Data block:

_ _ _ _ _

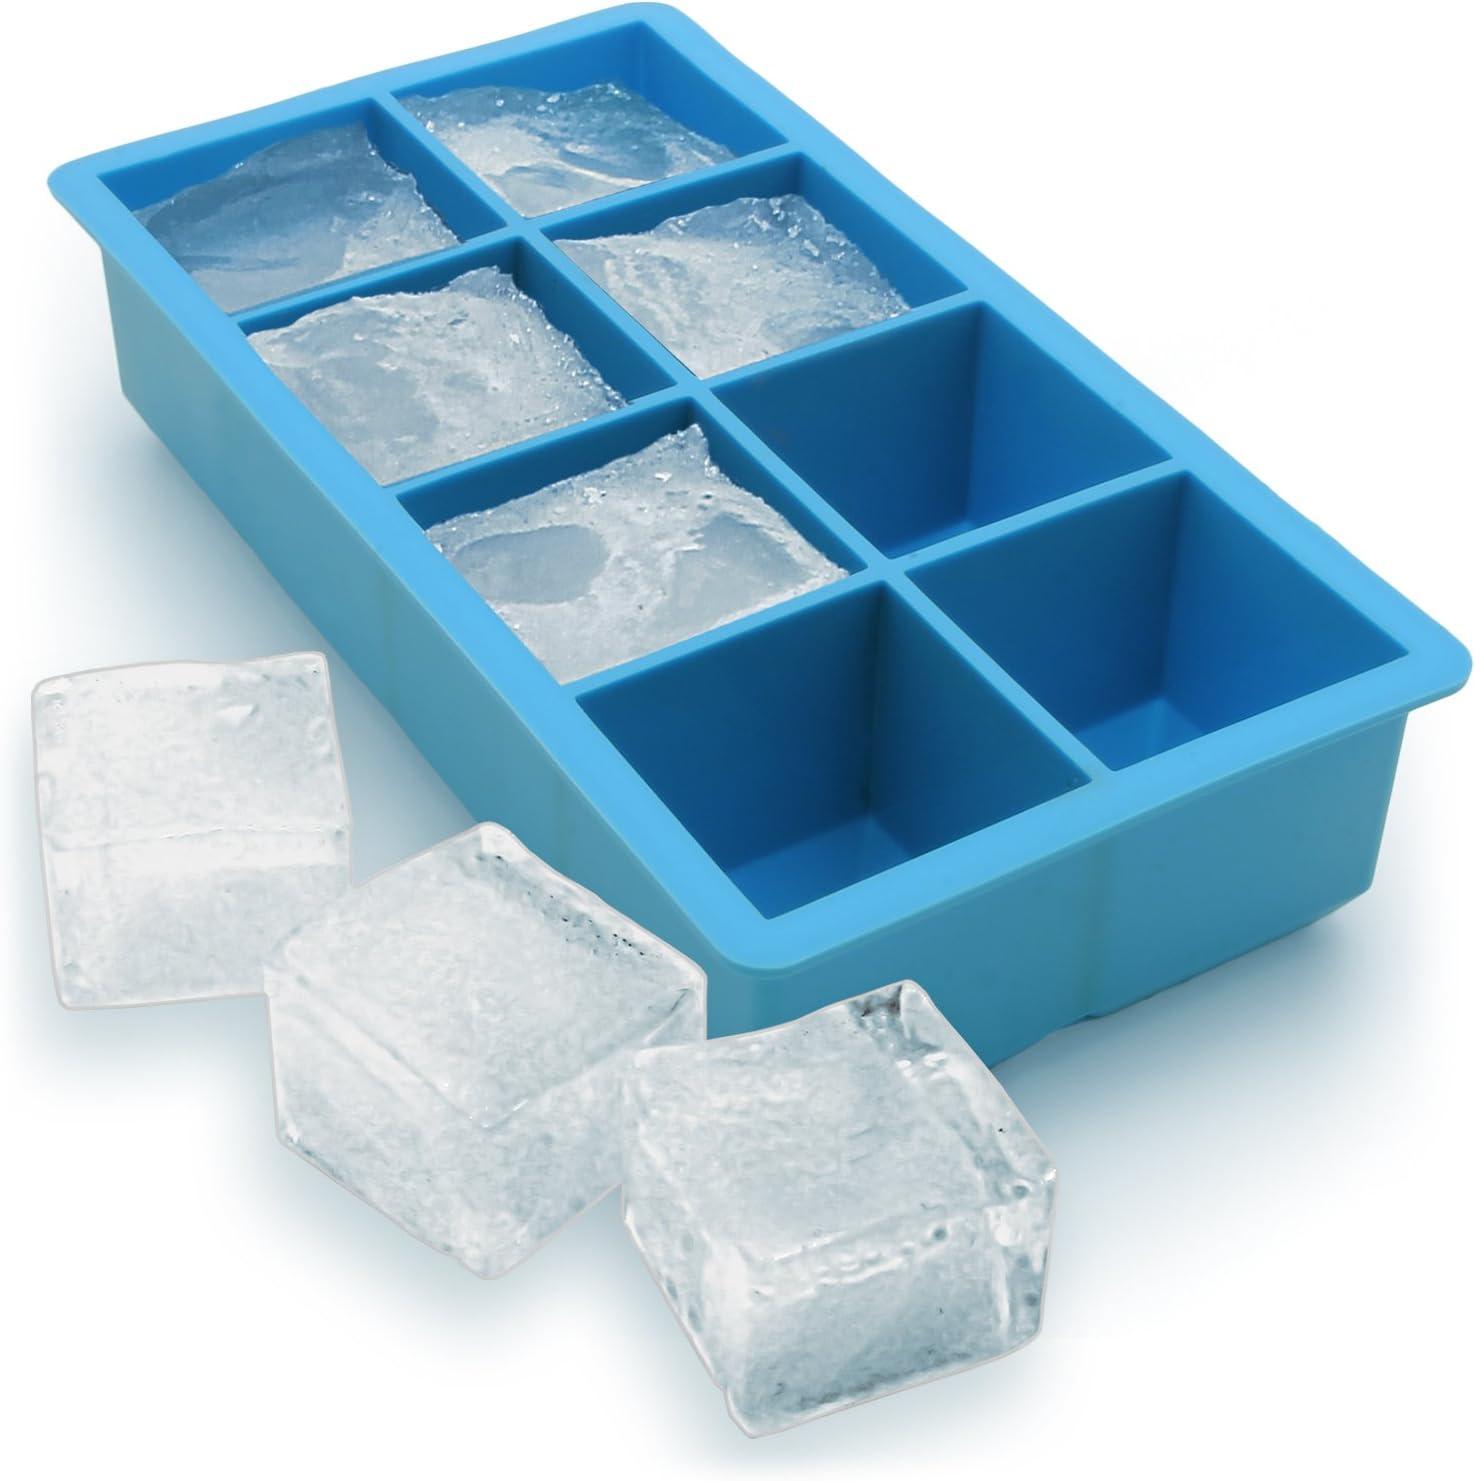 iGadgitz Home Silicone Ice Cube Tray 8 Extra Large Square Food Grade Jumbo Ice  Cube Moulds: Amazon.co.uk: Sports & Outdoors
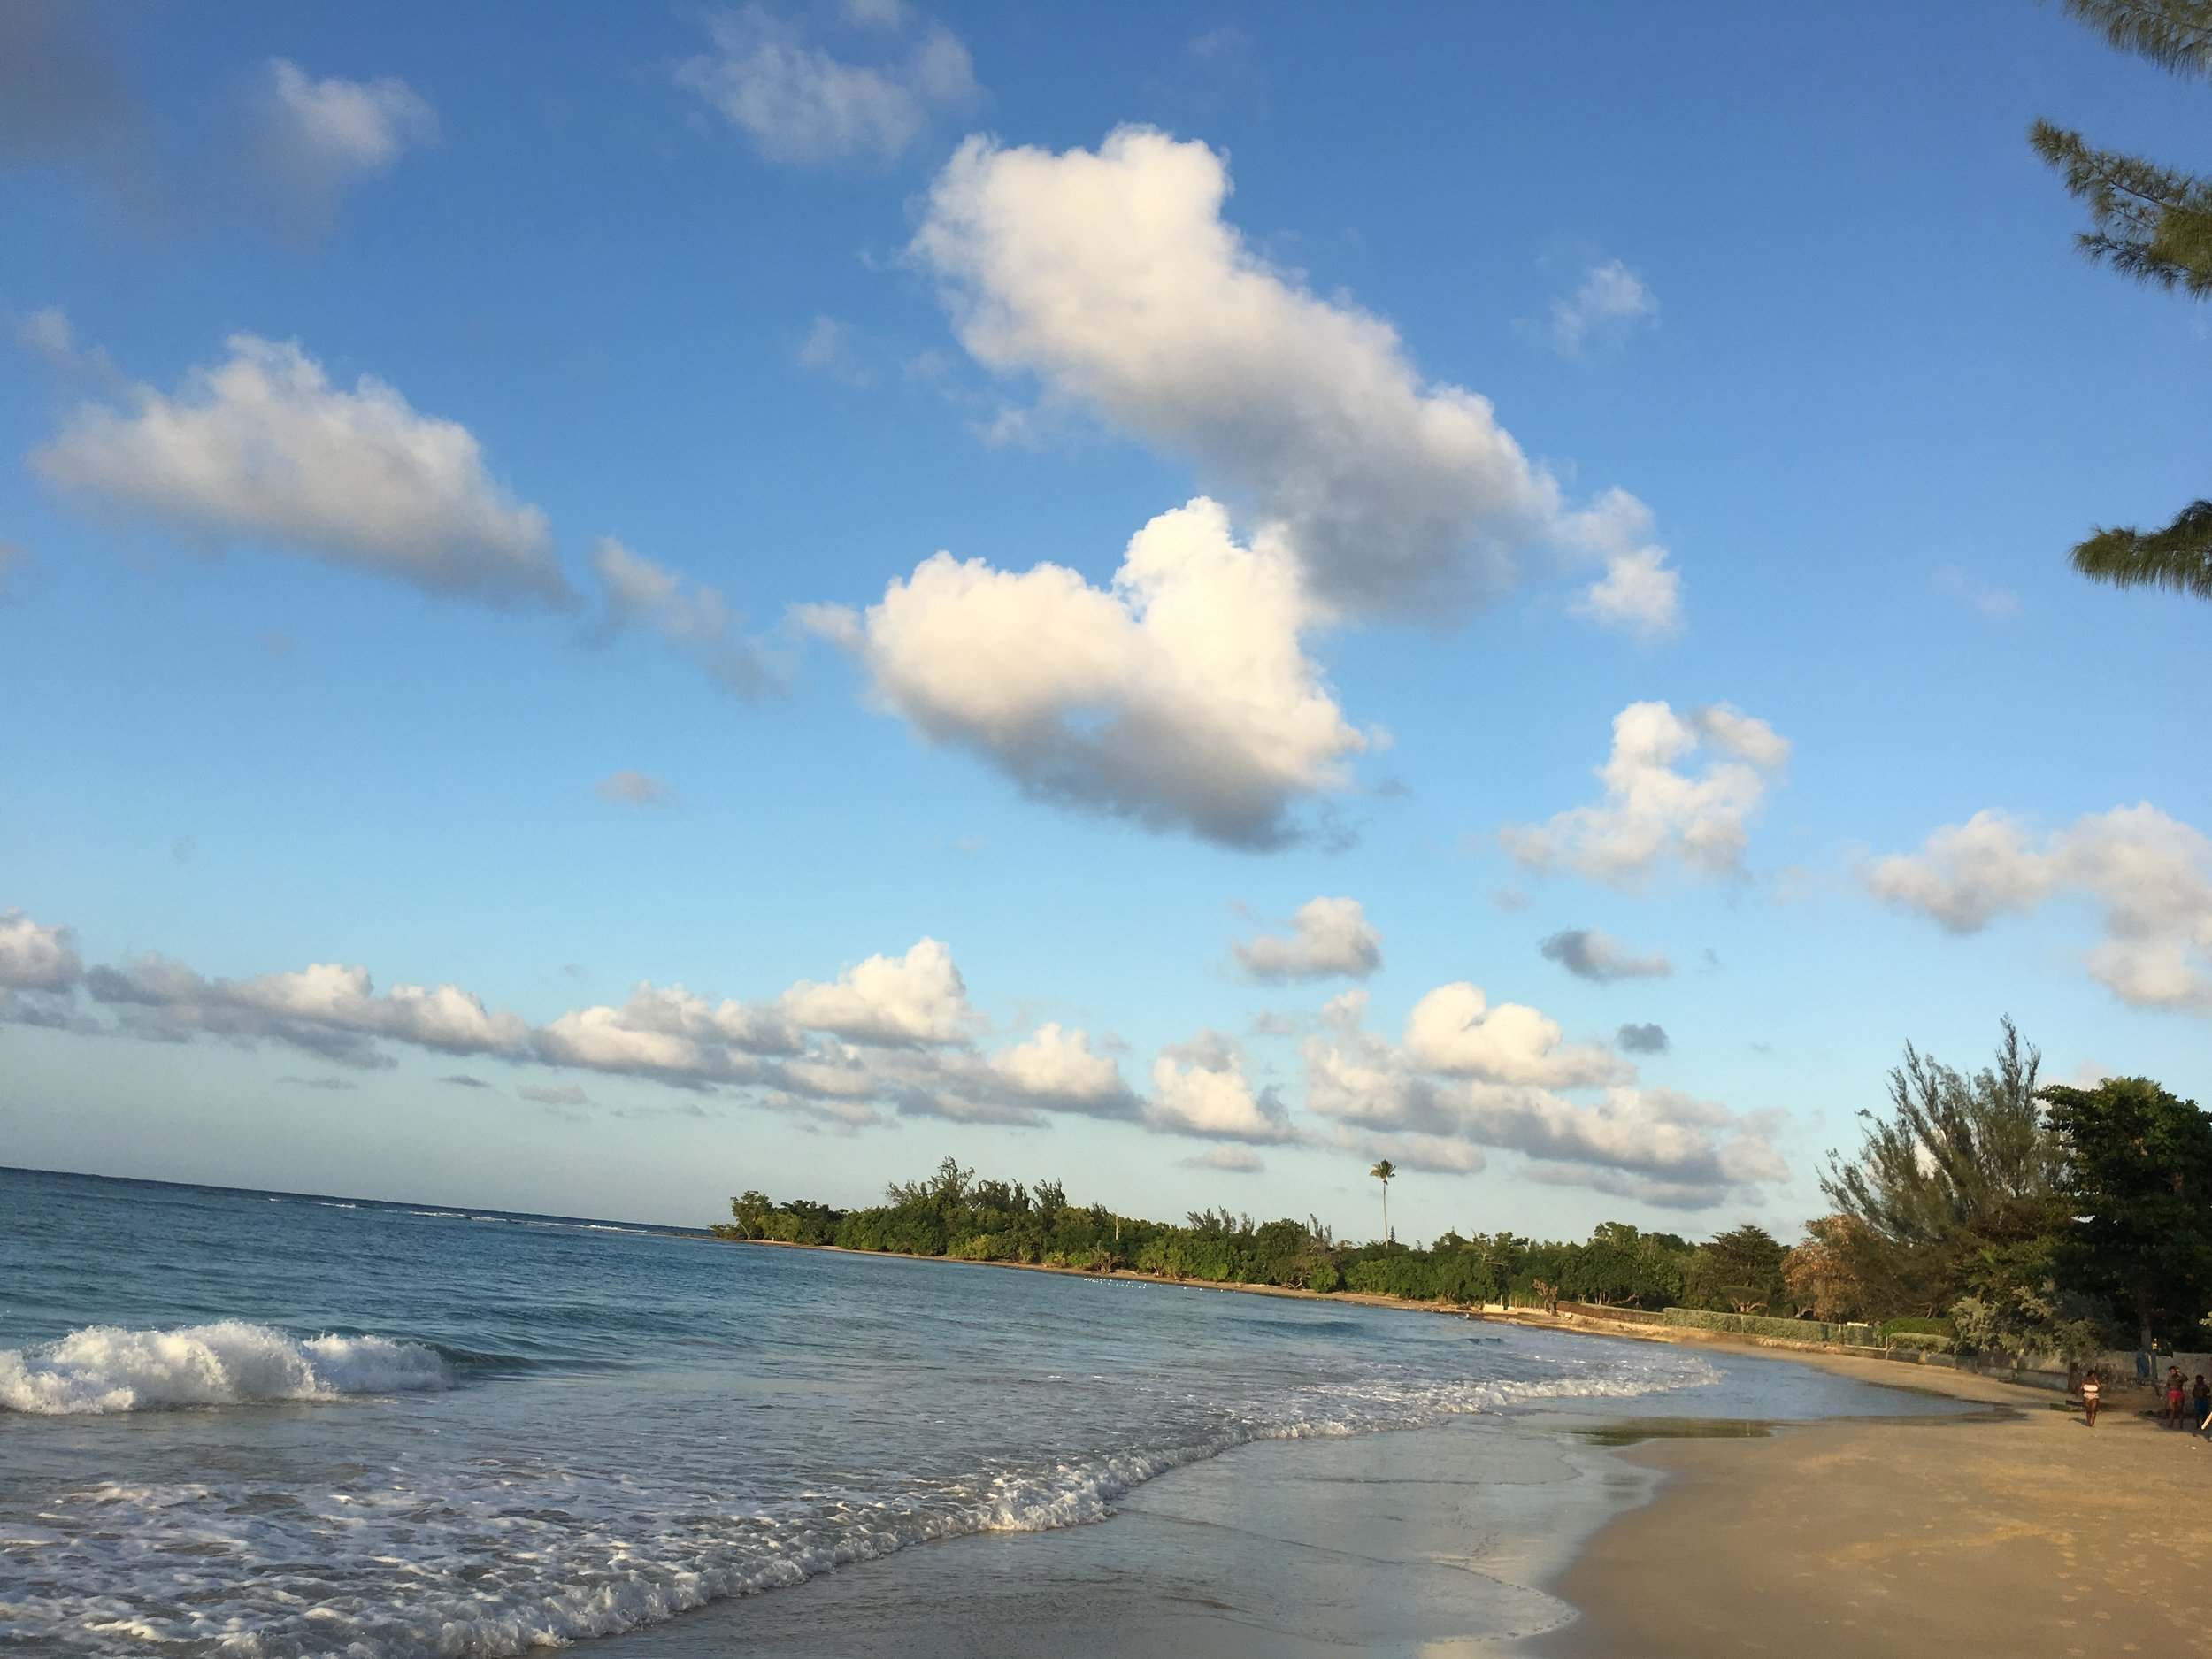 Siesta_Runaway_Bay_Jamaica_Beach.JPG
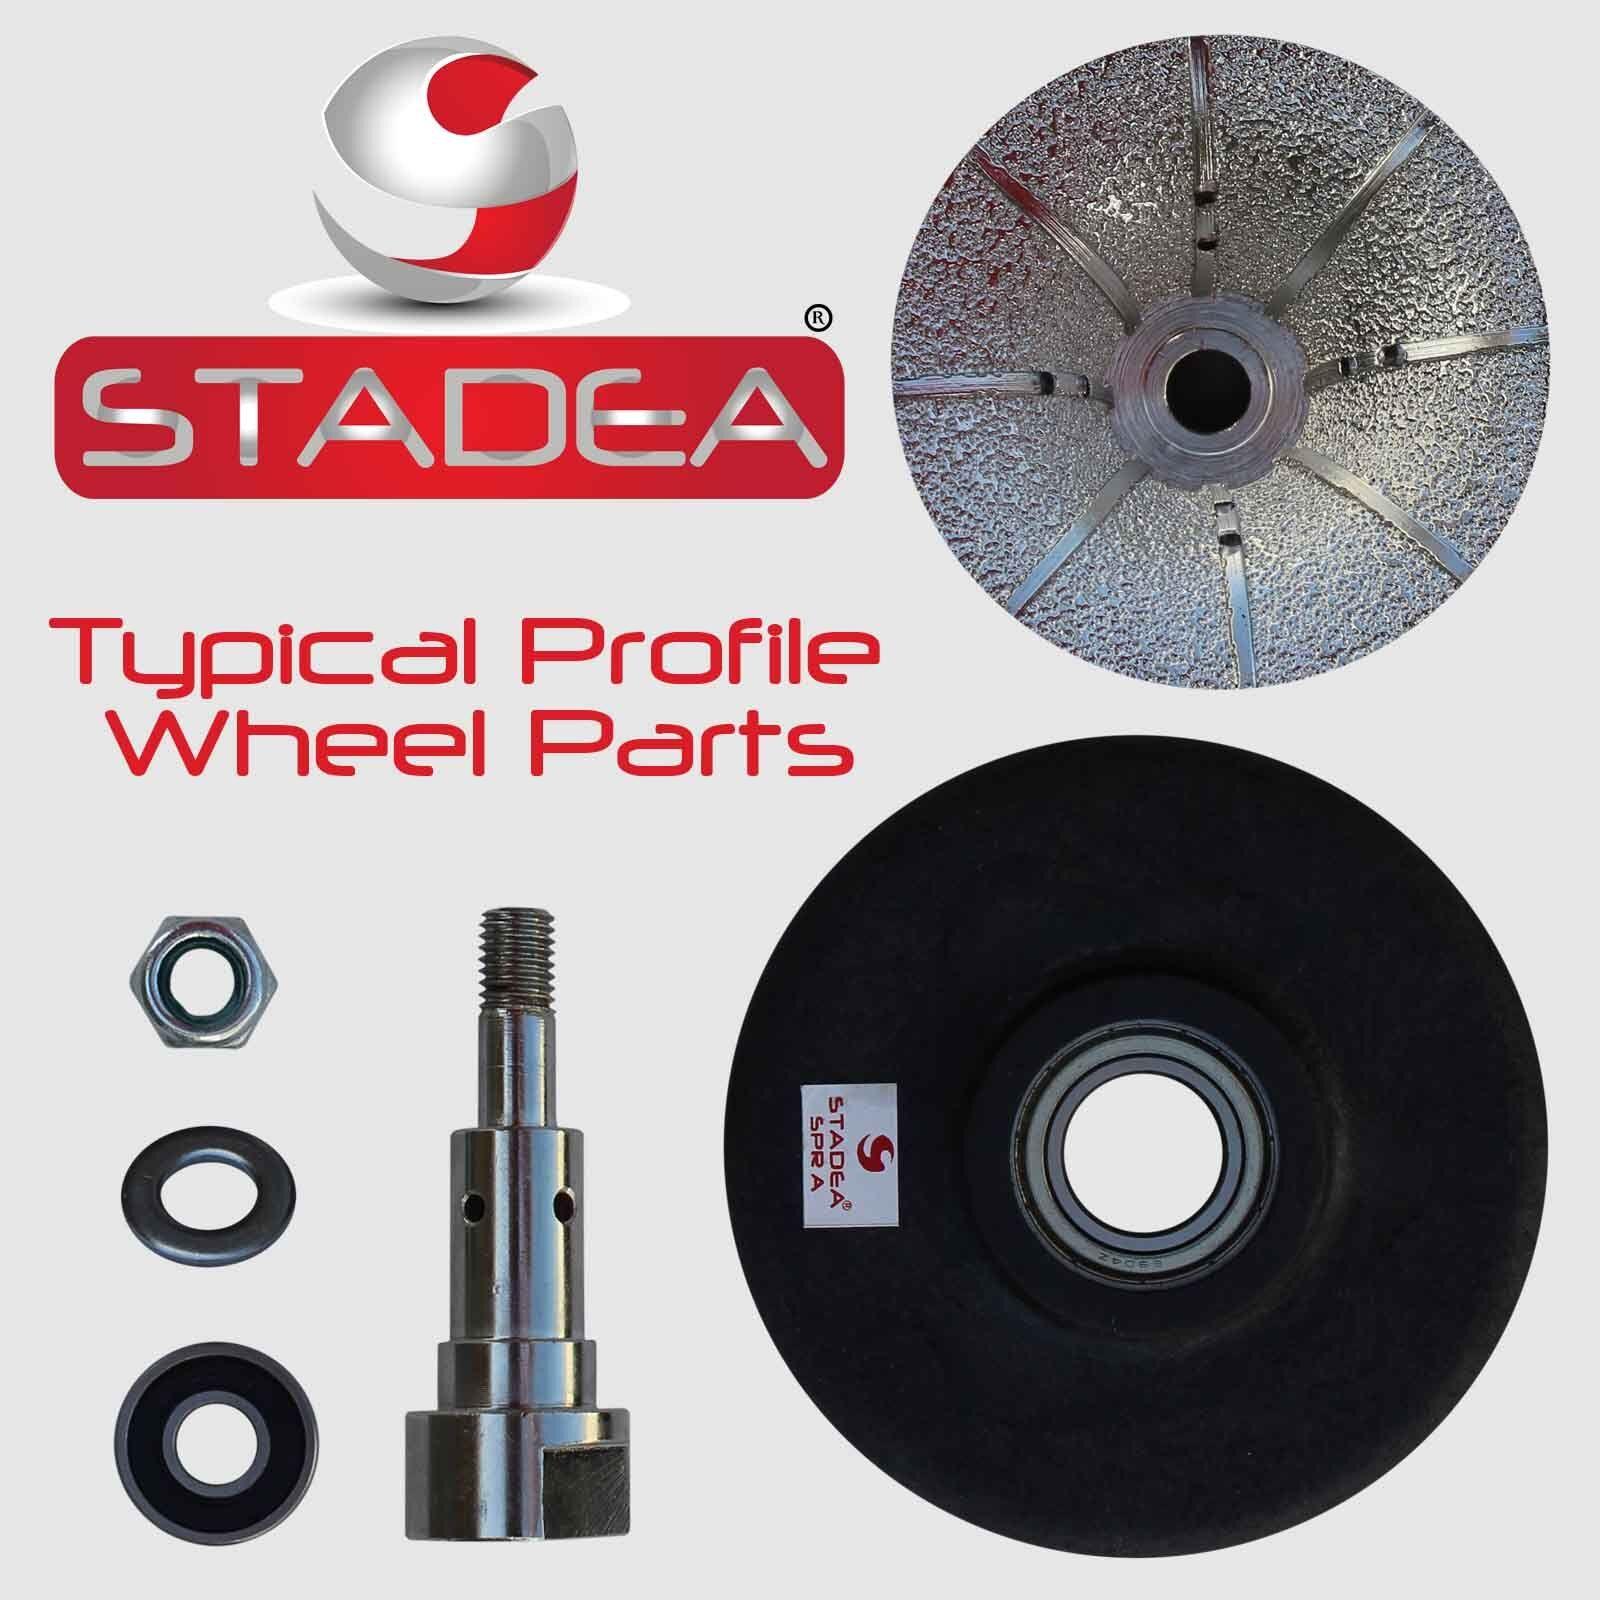 Stadea Diamond Profile Wheel Hand Bits 3 16 Quot Demi Radius

_ _ _ _ _

What to do: Return the lines from the one that contains "Siesta_Runaway_Bay_Jamaica_Beach.JPG" through the final line of the listing above, inclusive. Transcribe them exactly and drop the pictures.

Task solution:
 Siesta_Runaway_Bay_Jamaica_Beach.JPG
 Stadea Diamond Profile Wheel Hand Bits 3 16 Quot Demi Radius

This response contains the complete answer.